**Task**. With the pictures removed, please write out every line below exactly as given.

**Information shown**.
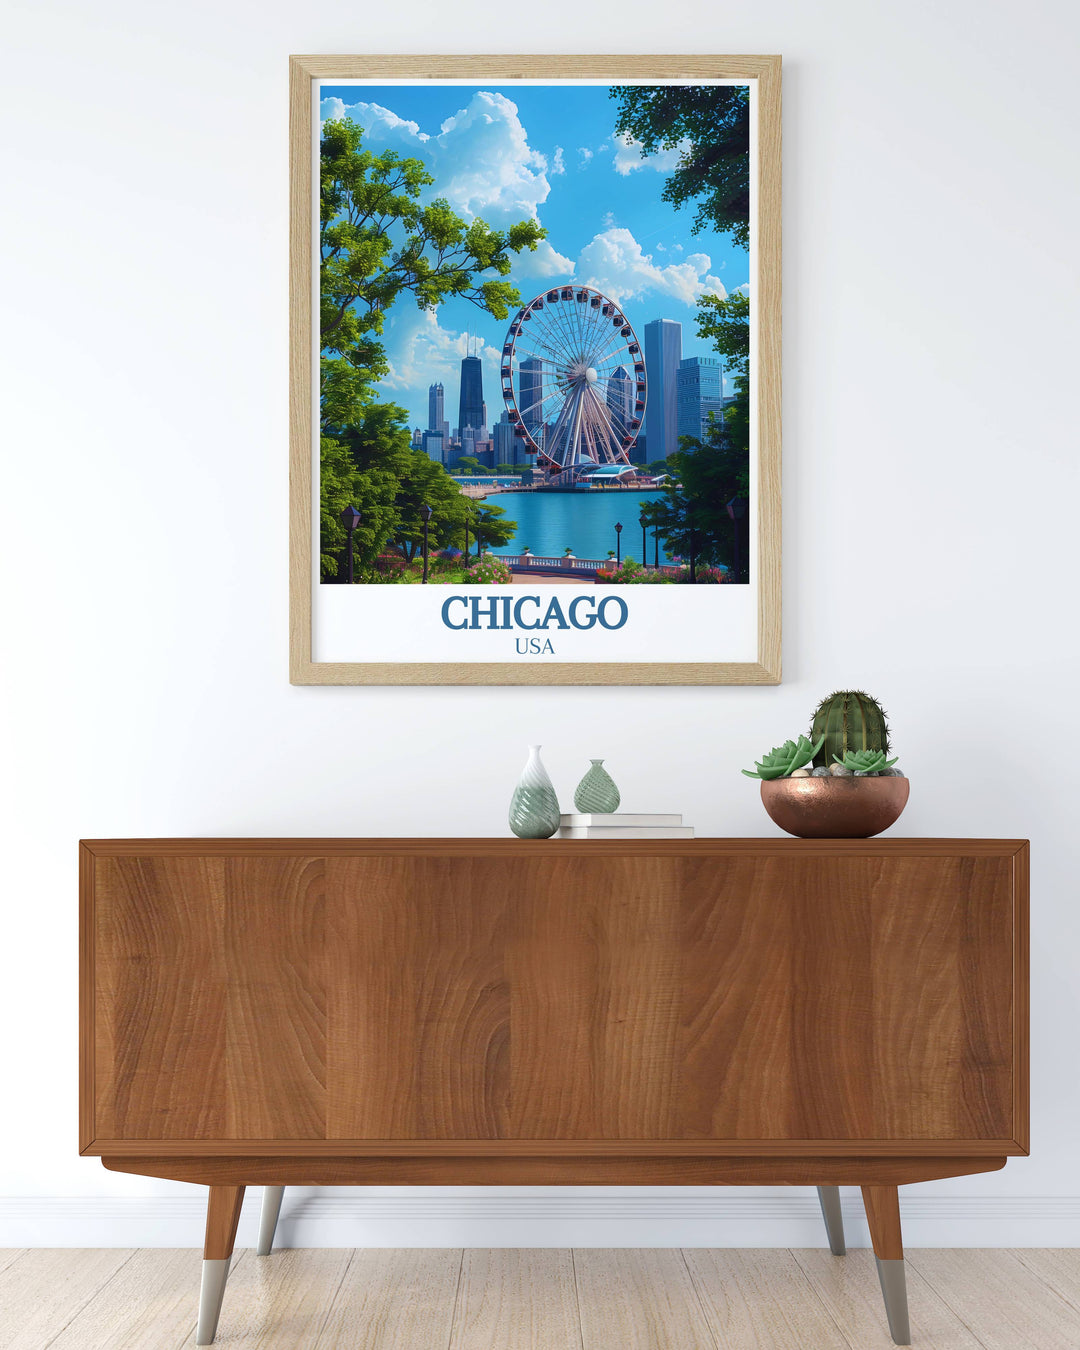 Navy Pier poster showcasing the iconic Ferris wheel and waterfront of Chicagos favorite destination. A beautiful addition to any home decor collection or a unique gift for birthdays anniversaries or holidays like Christmas and Fathers Day.
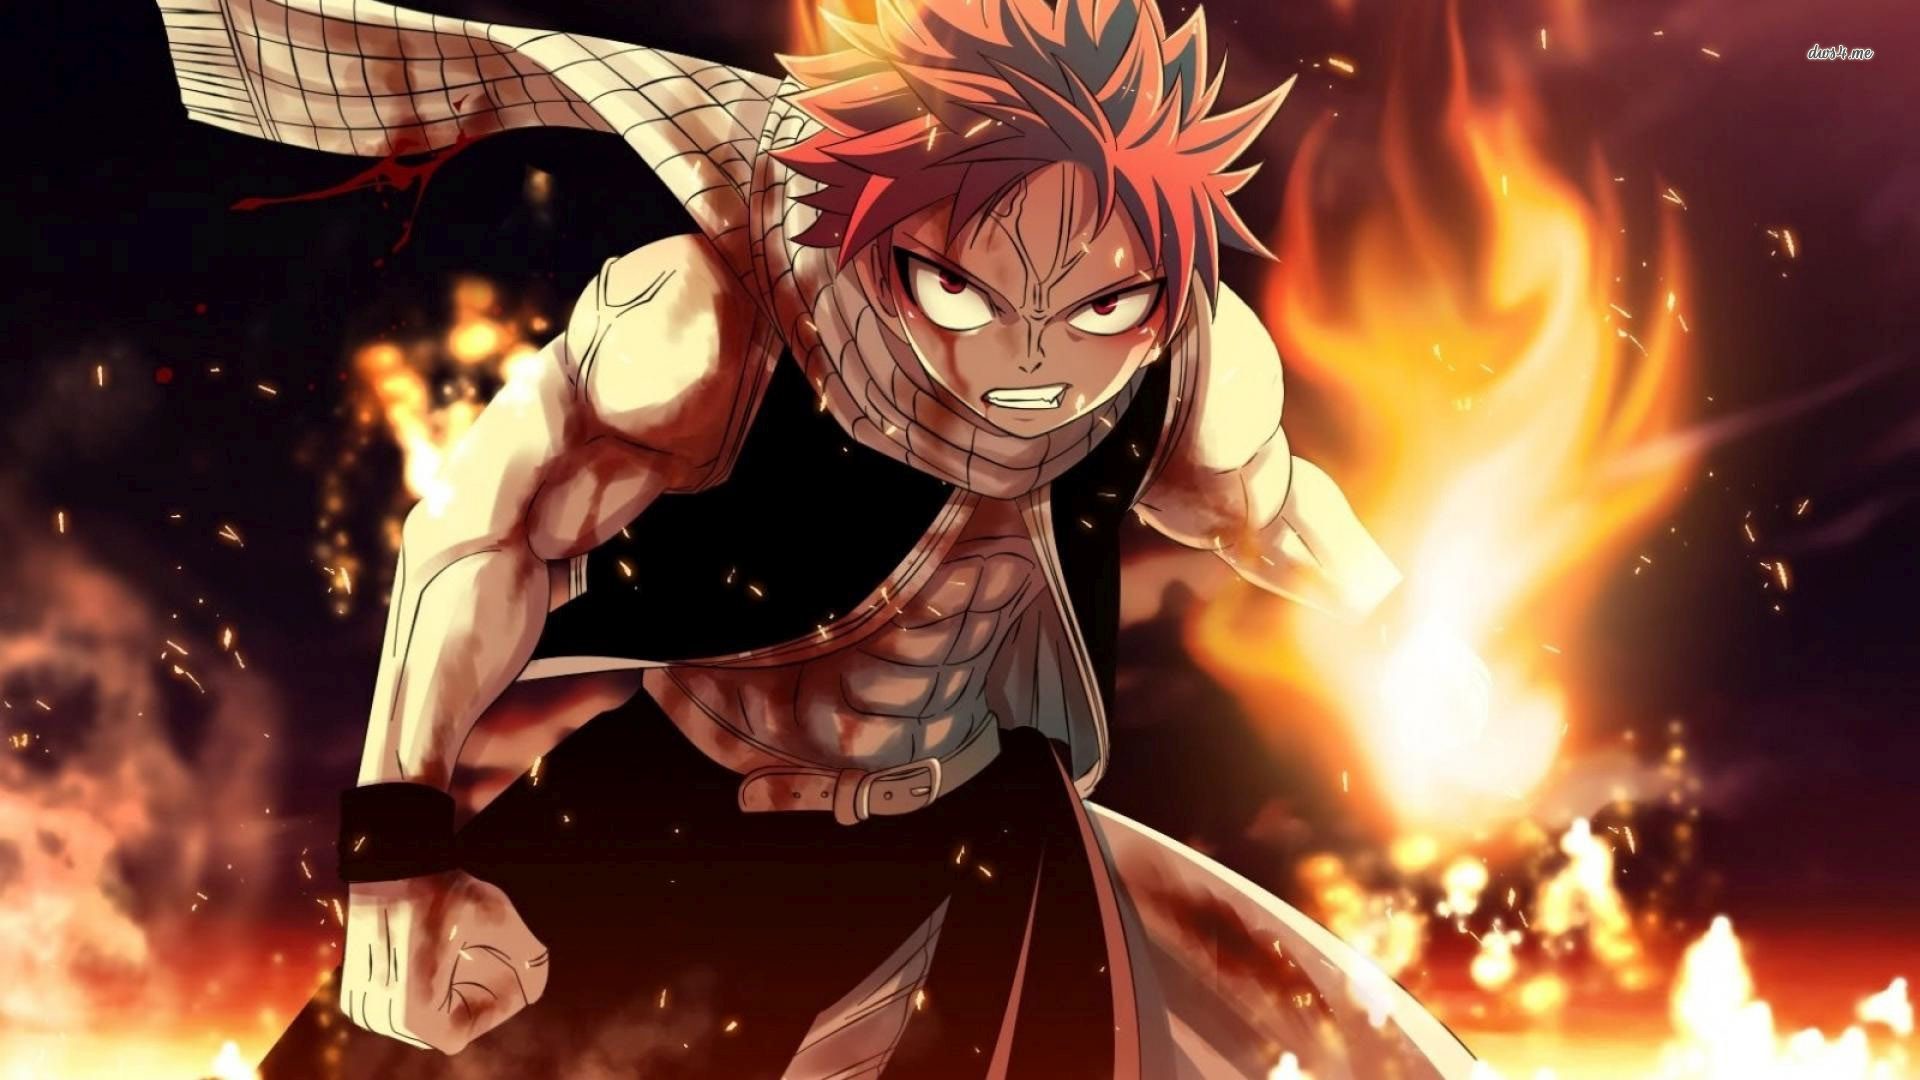 1920x1080 Collection of Fairy Tail Wallpapers on HDWallpapers Fairytail Anime Wallpapers  Wallpapers)
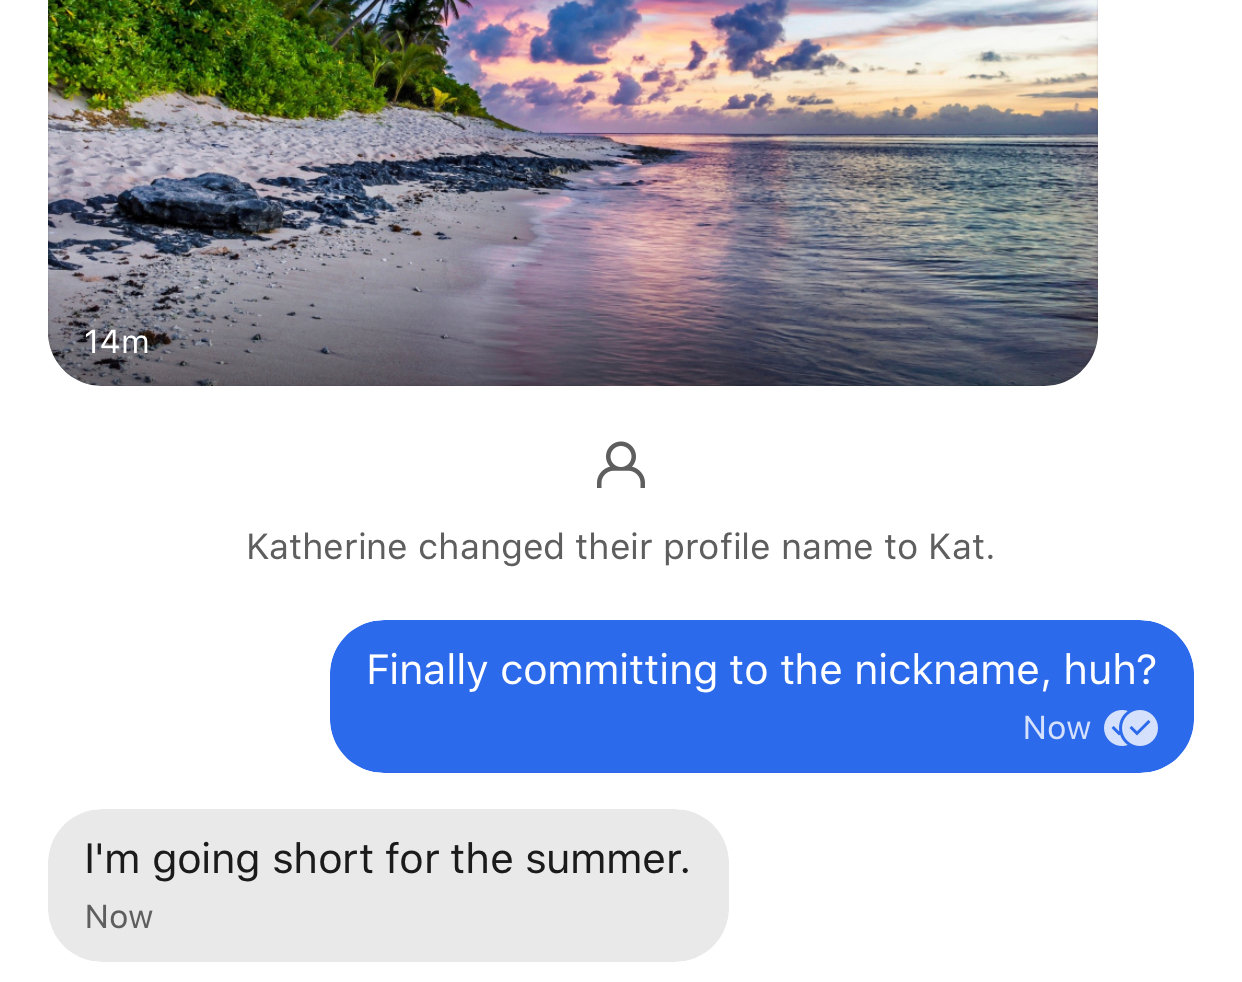 Screenshot of a conversation thread where 'Katherine' has changed their profile name to 'Kat' Person 1: 'Finally committing to the nickname, huh?' Person 2: 'I'm going short for the summer.'

**Reply**.
 Navy Pier poster showcasing the iconic Ferris wheel and waterfront of Chicagos favorite destination. A beautiful addition to any home decor collection or a unique gift for birthdays anniversaries or holidays like Christmas and Fathers Day.
 1920x1080 Collection of Fairy Tail Wallpapers on HDWallpapers Fairytail Anime Wallpapers  Wallpapers)
 Screenshot of a conversation thread where 'Katherine' has changed their profile name to 'Kat' Person 1: 'Finally committing to the nickname, huh?' Person 2: 'I'm going short for the summer.'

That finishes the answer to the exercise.